FWIW there's .covignore which is not being picked up by the bot here (works on the repo, ropensci/fastMatMR#18). Package coverage is:

> covr::package_coverage()
fastMatMR Coverage: 94.69%
src/from_file.cpp: 93.88%
src/to_file.cpp: 94.23%
R/fastMatMR-package.R: 100.00%
mpadge commented

@HaoZeke is indeed right there - the failing coverage check is a bug on our side, and not this submission.

@ropensci-review-bot assign @maelle as editor

Assigned! @maelle is now the editor

maelle commented

πŸ‘‹ @HaoZeke!

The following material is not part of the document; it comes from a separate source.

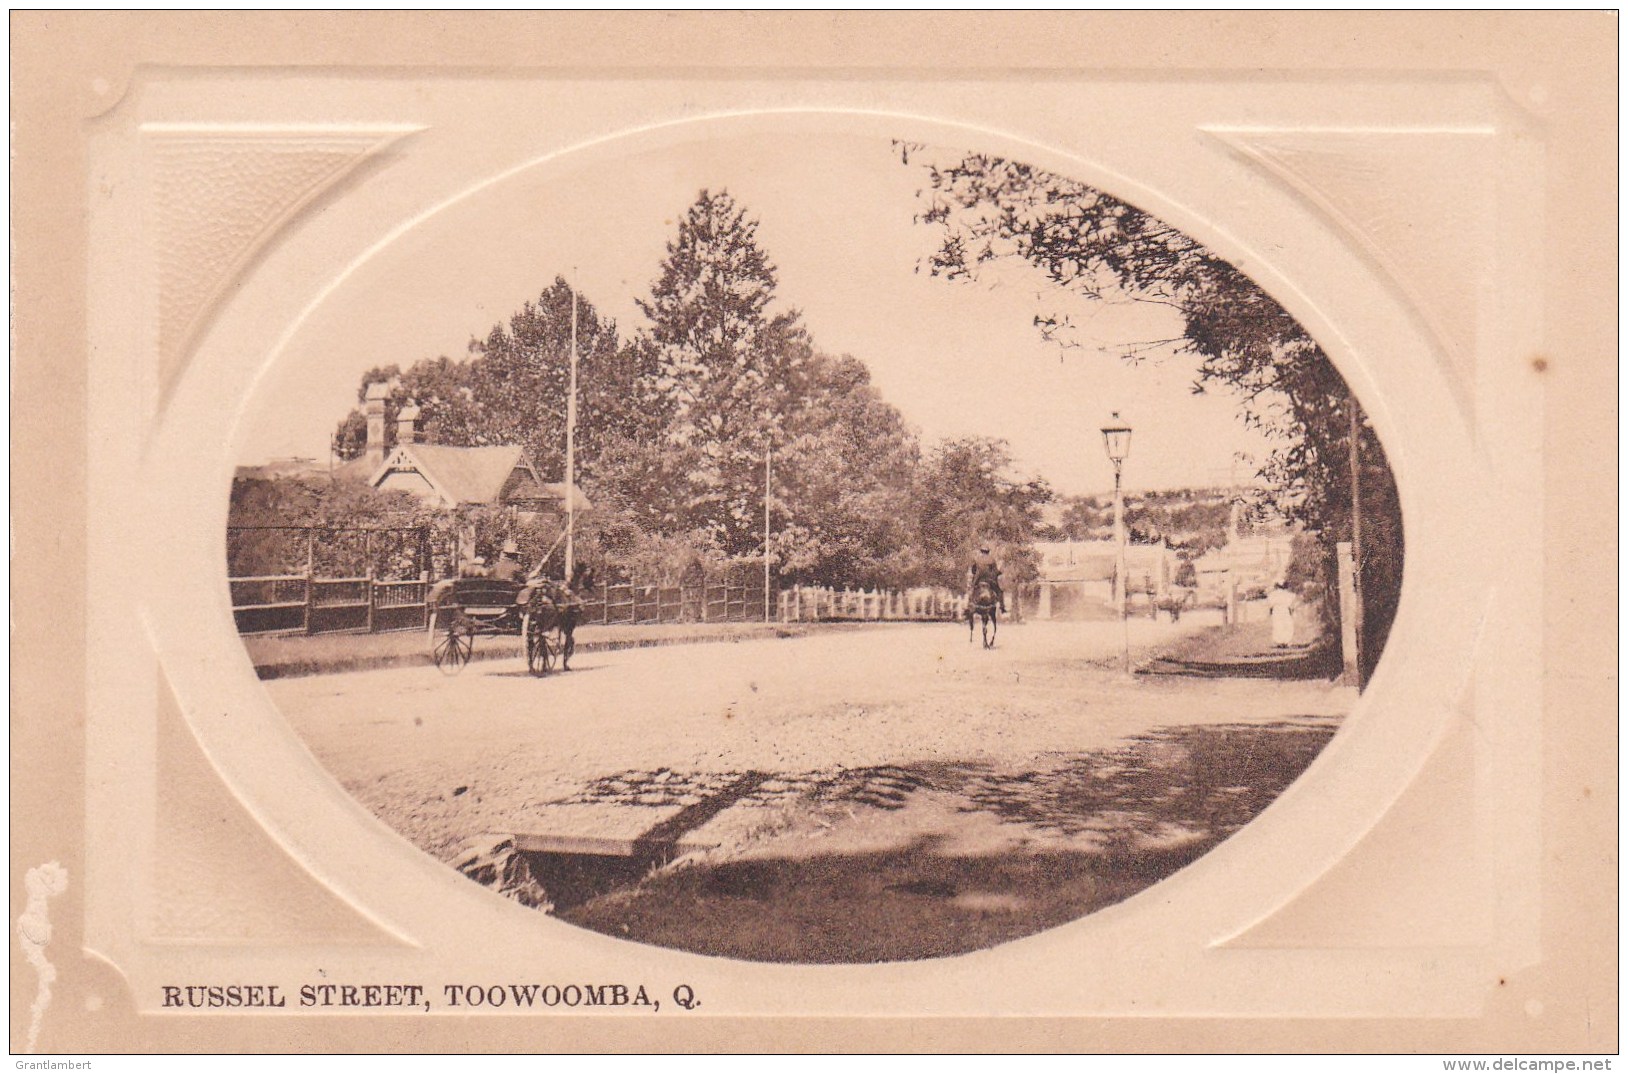 Russel Street, Toowoomba, Queensland - Vintage PC, Message Dated 1911 - Towoomba / Darling Downs
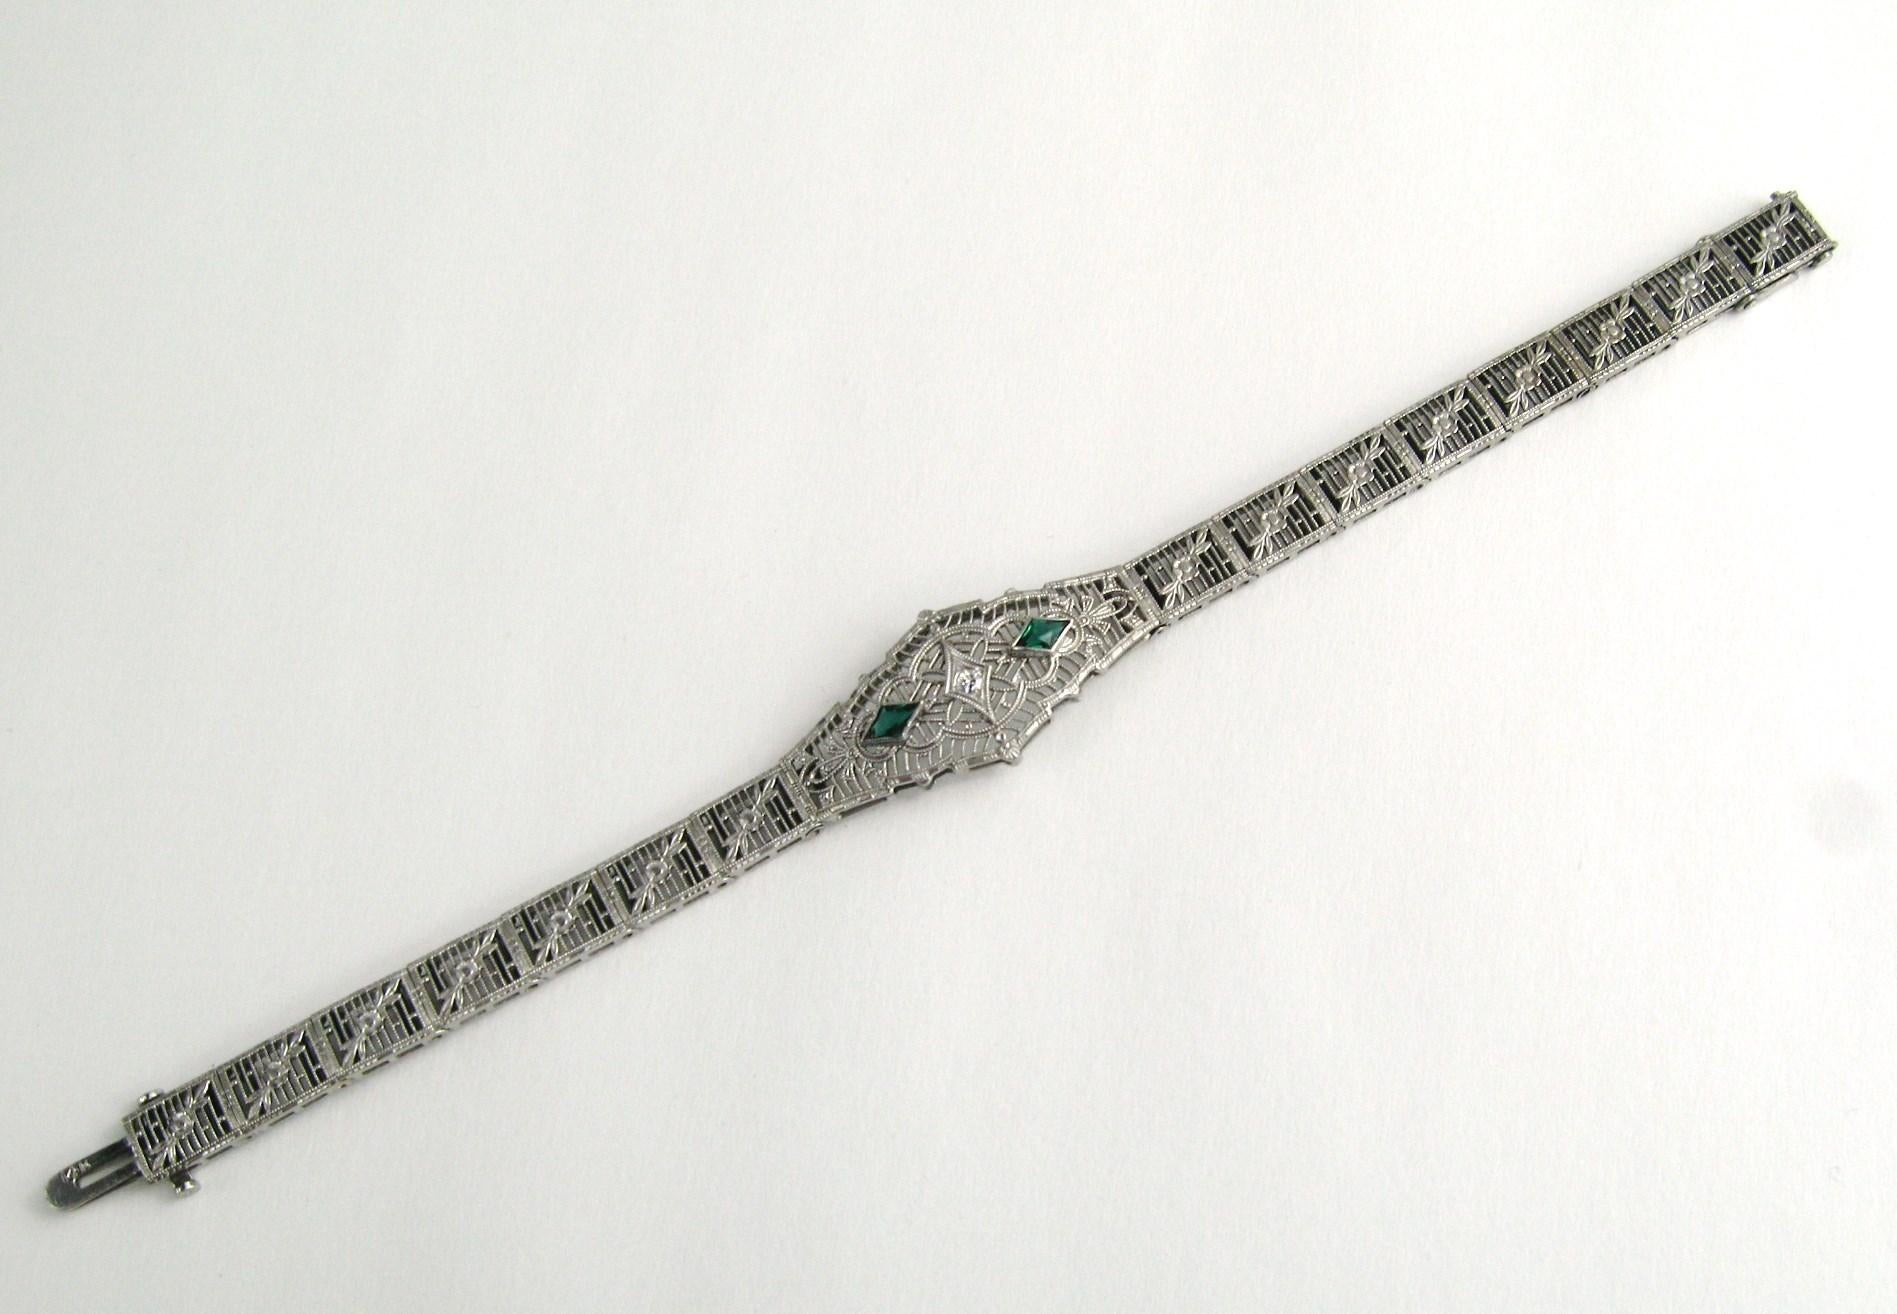 Stunning 1920s Art deco Bracelet, green glass stones with a diamond accent center. Set in 14K white gold. This measures .59

Nice to see you as an author this time around, thank you for your submission! πŸ˜€

A few comments/questions before we proceed to the reviewer search:

  • Why add the bundled files to .covrignore, if they contribute to the functionality of the package?
  • I see you use conventional commits, nice. How is the changelog generated? I see ropensci/fastMatMR#17 Disclaimer: I contribute to https://github.com/cynkra/fledge/
  • In the example where you use -> I'd suggest using <- instead since the former is more rare.
  • In the README you write "writing and reading from other R objects". Could you please elaborate, adding a few sentences about this to the README?
  • To me the second part of the README, "Development", belongs to the contributing guide, so you could move the content and instead point contributors to the contributing guide.
  • In the contributing guide could you please add a link to pixi? I for instance do not know what it is.
  • In the issue tracker there are a few enhancement issues. What's the timeline for them, are they "nice to have" or do you intend to tackle them soon? If so should the review wait?

Thank you!

πŸ‘‹ @HaoZeke! Nice to see you as an author this time around, thank you for your submission! πŸ˜€

^_^

A few comments/questions before we proceed to the reviewer search:

* Why add the bundled files to .covrignore, if they contribute to the functionality of the package?

This is because there is no need to expose bindings of the inner workings of the fast_matrix_market C++ library to R users. This approach is also taken by other libraries which bundle C++ libraries, like RCppEigen.

The user-facing C++ functions are in src/ and covered by tests.

* I see you use conventional commits, nice. How is the changelog generated? I see [DOC: Fix news HaoZeke/fastMatMR#17](https://github.com/HaoZeke/fastMatMR/issues/17) Disclaimer: I contribute to https://github.com/cynkra/fledge/

That's a very cool library, I am currently using towncrier and tbump which are fairly generic tools.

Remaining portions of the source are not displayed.